#### [Data extract]
----
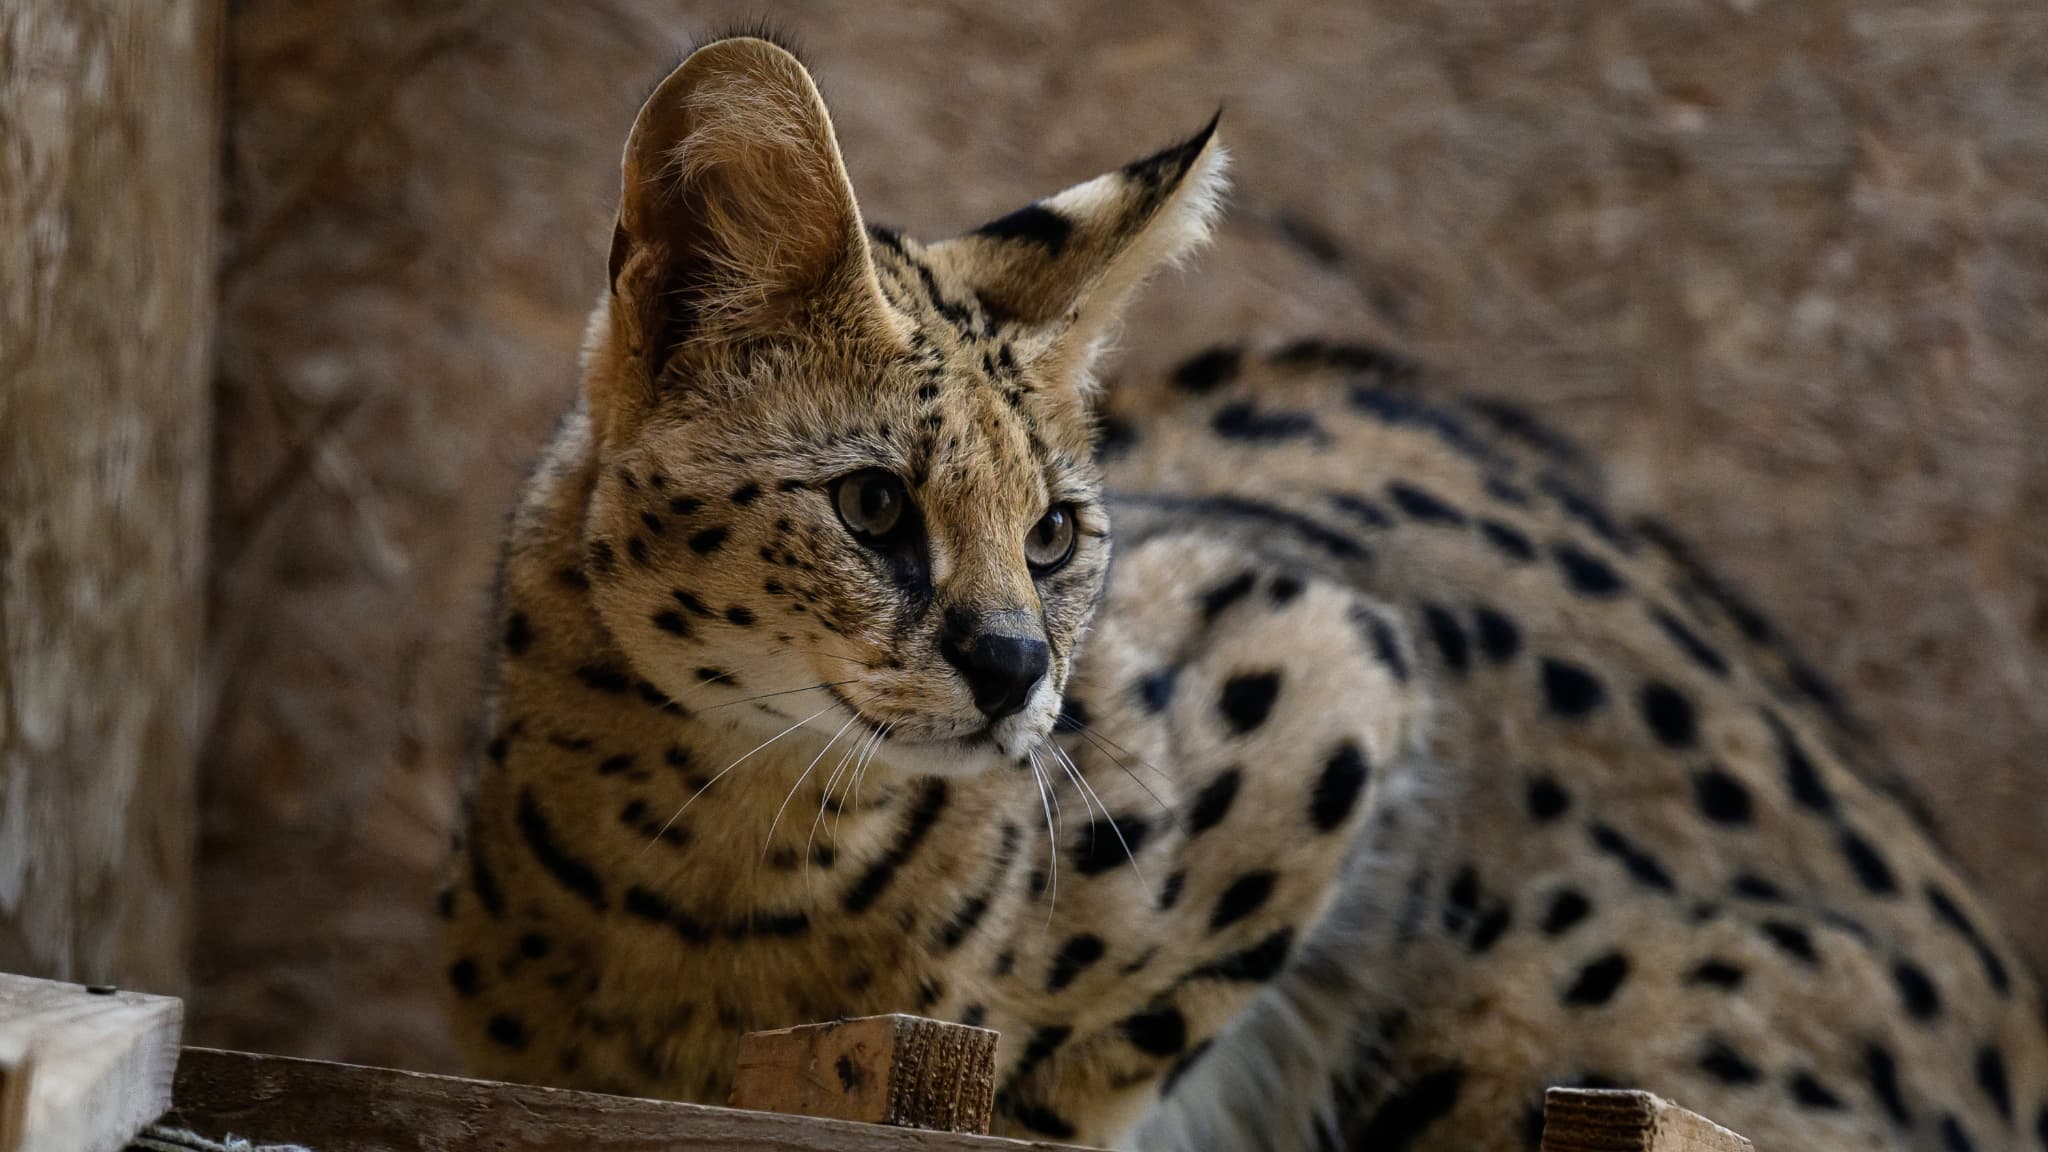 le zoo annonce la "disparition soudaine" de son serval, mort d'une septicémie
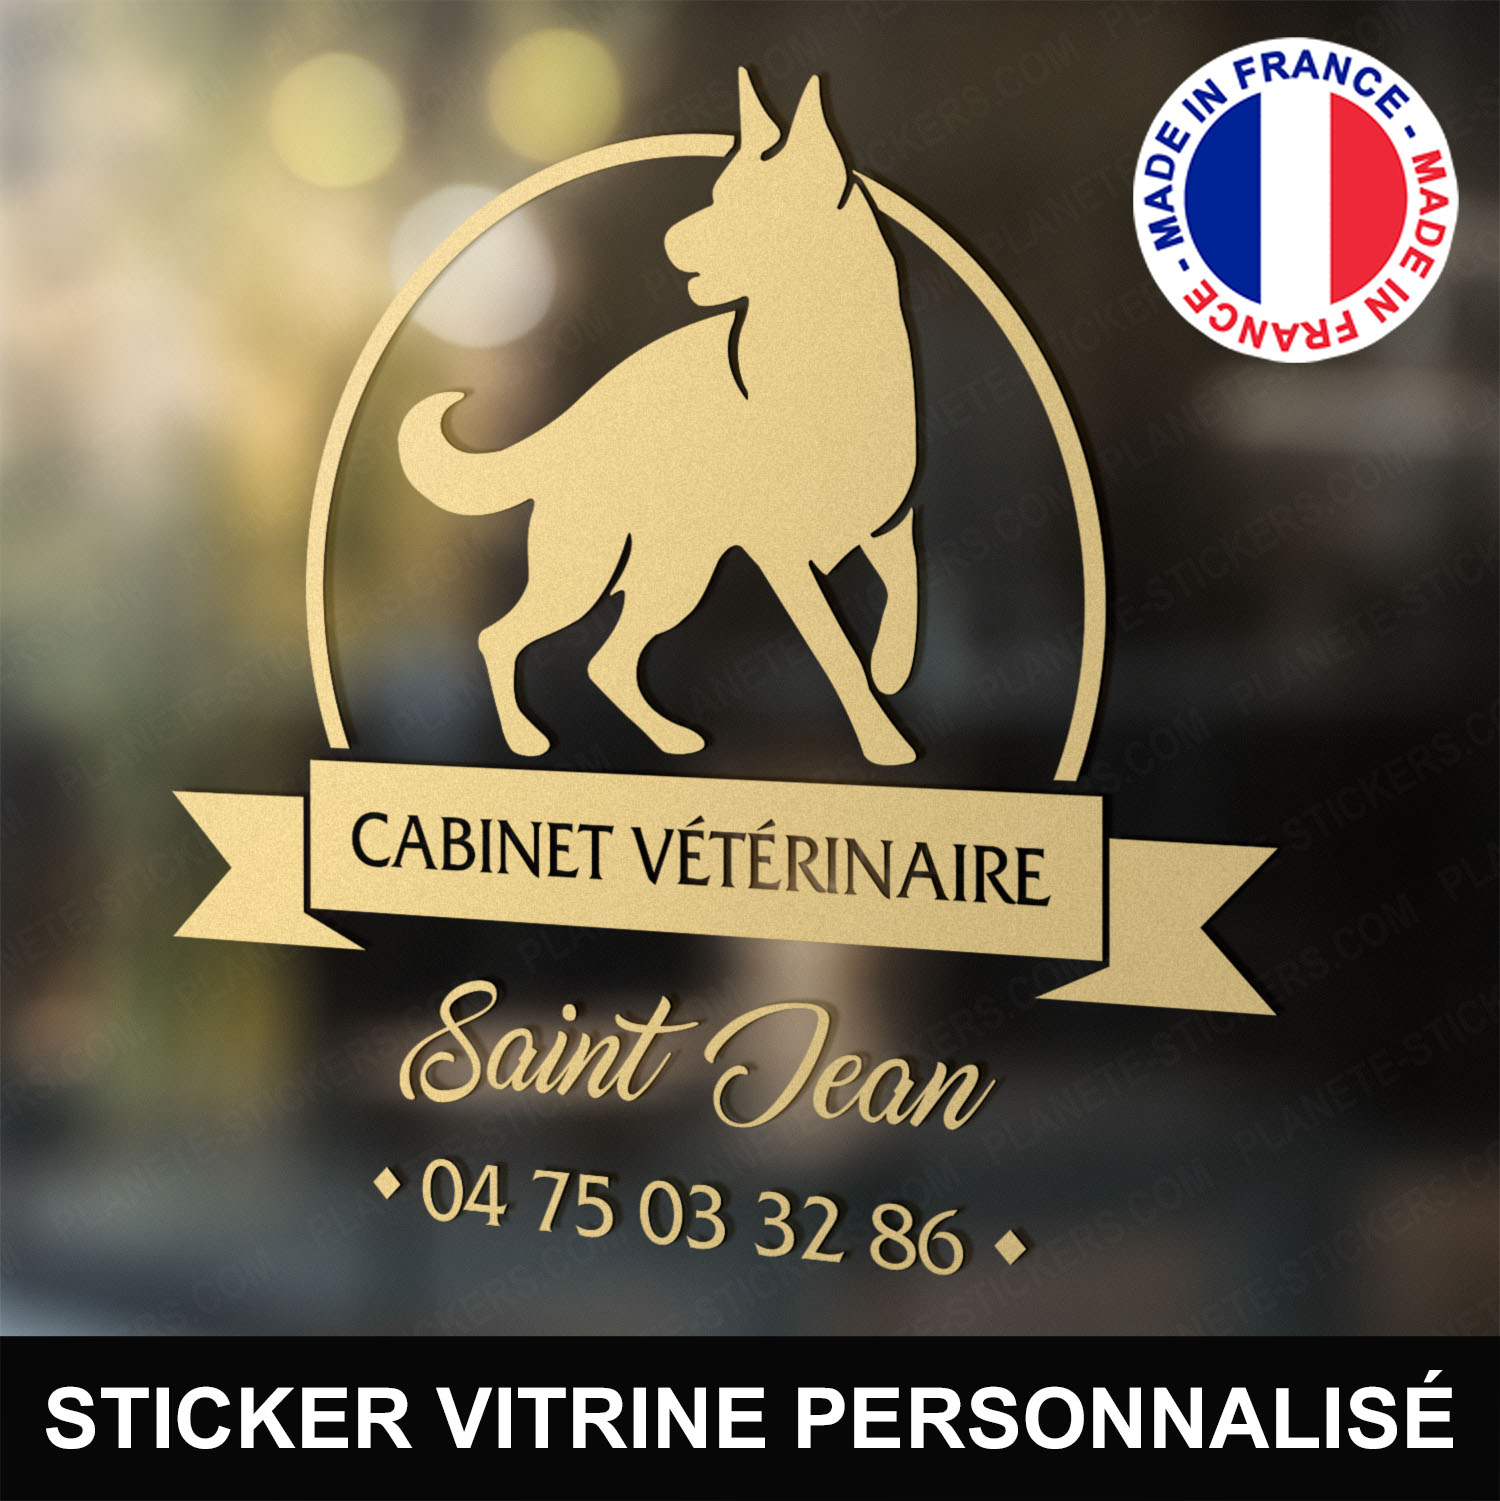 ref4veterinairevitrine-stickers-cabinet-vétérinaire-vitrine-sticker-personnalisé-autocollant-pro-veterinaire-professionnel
----
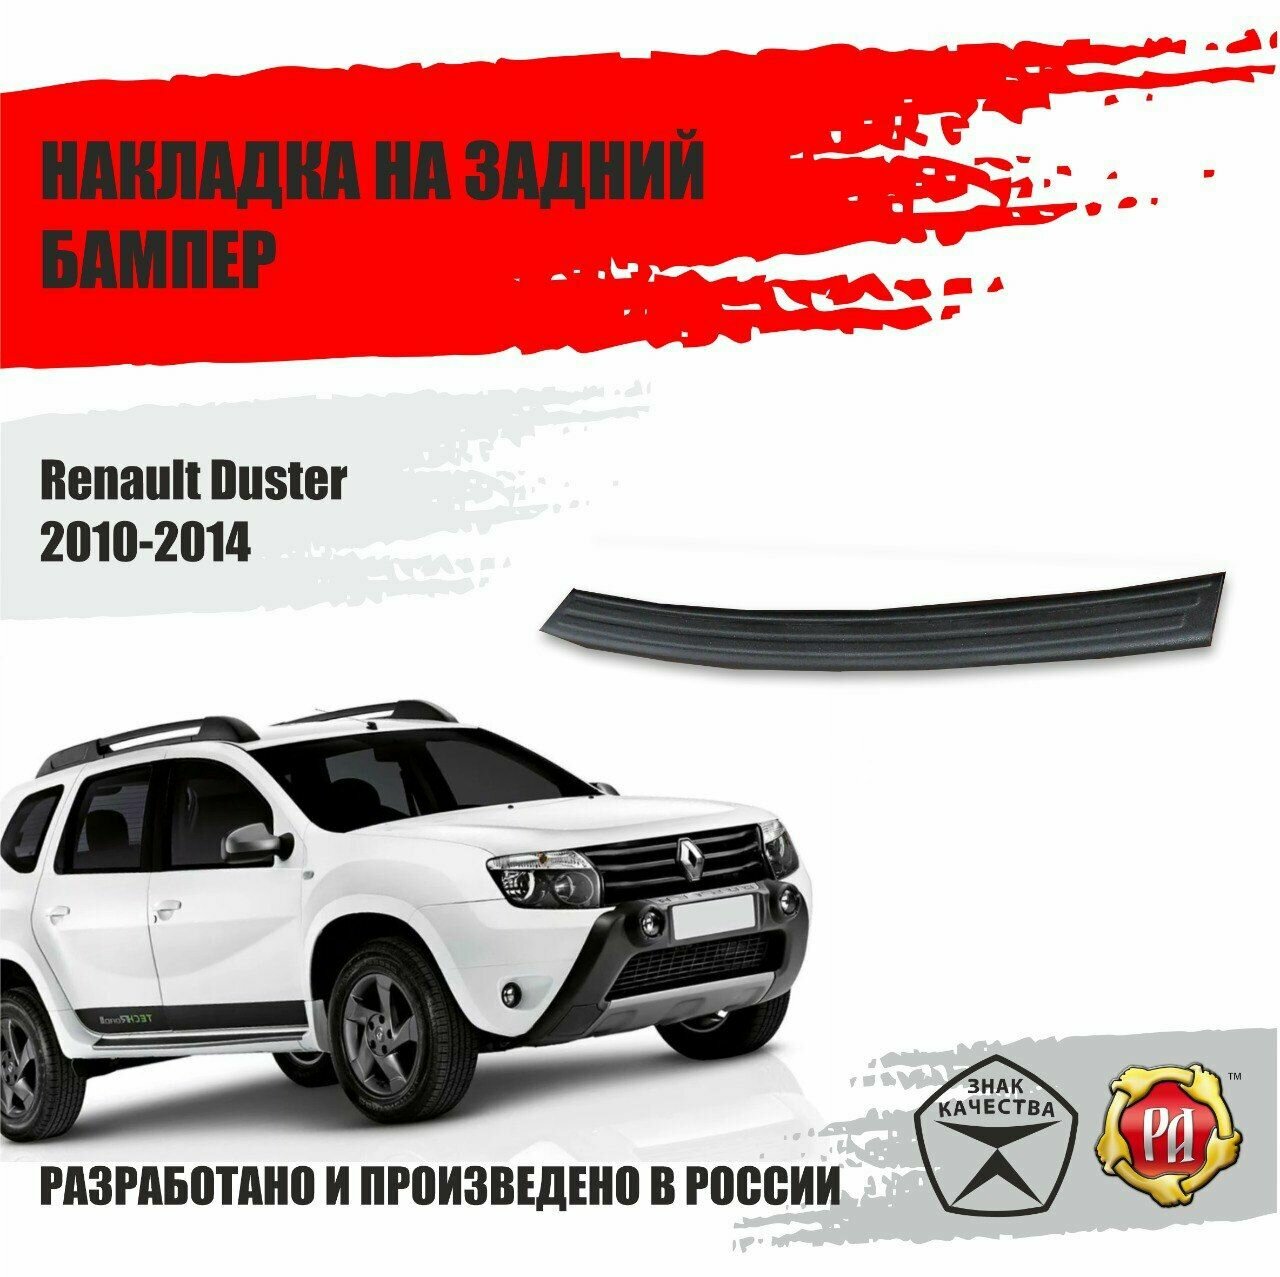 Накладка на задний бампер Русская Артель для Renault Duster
----
#### [Your goal]
Above are some entries. Restate word for word the lines from the one holding "le zoo annonce" through the one holding "ref4veterinair", but not the pictures.

#### [Your response]
 le zoo annonce la "disparition soudaine" de son serval, mort d'une septicémie
 ref4veterinairevitrine-stickers-cabinet-vétérinaire-vitrine-sticker-personnalisé-autocollant-pro-veterinaire-professionnel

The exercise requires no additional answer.